WORK INSTRUCTION —
Please retype exactly, and with nothing added, the lines of the material from the one with "Messe_JumboCoat" through the final one.

- - -

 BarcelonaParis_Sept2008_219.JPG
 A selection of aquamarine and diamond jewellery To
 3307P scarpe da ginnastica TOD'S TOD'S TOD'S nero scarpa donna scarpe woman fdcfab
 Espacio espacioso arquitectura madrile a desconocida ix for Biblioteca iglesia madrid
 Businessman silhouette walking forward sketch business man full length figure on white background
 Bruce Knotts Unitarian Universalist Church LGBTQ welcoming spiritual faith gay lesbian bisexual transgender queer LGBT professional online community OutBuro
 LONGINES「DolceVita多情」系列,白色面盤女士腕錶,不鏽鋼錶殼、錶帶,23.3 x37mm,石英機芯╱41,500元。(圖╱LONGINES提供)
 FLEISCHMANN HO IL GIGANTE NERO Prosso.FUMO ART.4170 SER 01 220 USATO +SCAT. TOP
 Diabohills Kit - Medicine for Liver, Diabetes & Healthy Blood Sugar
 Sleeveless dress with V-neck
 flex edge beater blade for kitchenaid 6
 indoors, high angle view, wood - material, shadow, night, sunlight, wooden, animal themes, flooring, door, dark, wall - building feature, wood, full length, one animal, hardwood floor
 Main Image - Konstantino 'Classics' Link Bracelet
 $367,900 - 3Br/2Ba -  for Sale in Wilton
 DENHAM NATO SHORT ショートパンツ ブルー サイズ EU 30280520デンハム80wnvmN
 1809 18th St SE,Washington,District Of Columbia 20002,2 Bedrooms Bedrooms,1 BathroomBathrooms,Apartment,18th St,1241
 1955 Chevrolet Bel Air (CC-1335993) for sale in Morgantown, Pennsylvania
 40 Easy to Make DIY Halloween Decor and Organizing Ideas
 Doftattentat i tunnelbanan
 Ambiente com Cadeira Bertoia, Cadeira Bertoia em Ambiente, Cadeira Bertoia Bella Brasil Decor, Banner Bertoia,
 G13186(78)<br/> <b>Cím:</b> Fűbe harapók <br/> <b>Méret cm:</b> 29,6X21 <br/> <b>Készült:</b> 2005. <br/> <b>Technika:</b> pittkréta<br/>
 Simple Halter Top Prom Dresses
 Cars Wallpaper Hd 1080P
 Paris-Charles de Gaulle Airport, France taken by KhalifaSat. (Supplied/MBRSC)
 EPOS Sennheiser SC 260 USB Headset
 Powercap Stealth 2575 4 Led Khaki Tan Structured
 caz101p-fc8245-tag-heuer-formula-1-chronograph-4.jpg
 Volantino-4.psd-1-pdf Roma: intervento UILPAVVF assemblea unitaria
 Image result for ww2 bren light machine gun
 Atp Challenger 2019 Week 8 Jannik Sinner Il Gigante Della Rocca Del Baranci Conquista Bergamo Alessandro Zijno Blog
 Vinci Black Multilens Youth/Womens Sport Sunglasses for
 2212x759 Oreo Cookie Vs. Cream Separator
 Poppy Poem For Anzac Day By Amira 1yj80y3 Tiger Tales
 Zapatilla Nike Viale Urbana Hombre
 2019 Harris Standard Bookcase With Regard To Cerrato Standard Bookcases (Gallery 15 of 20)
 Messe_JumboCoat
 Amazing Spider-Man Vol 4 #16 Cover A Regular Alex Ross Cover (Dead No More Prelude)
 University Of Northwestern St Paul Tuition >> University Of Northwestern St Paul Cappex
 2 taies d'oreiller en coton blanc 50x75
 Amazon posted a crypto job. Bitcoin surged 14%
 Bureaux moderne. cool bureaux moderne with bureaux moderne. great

- - -

ANSWER SPACE —
 Messe_JumboCoat
 Amazing Spider-Man Vol 4 #16 Cover A Regular Alex Ross Cover (Dead No More Prelude)
 University Of Northwestern St Paul Tuition >> University Of Northwestern St Paul Cappex
 2 taies d'oreiller en coton blanc 50x75
 Amazon posted a crypto job. Bitcoin surged 14%
 Bureaux moderne. cool bureaux moderne with bureaux moderne. great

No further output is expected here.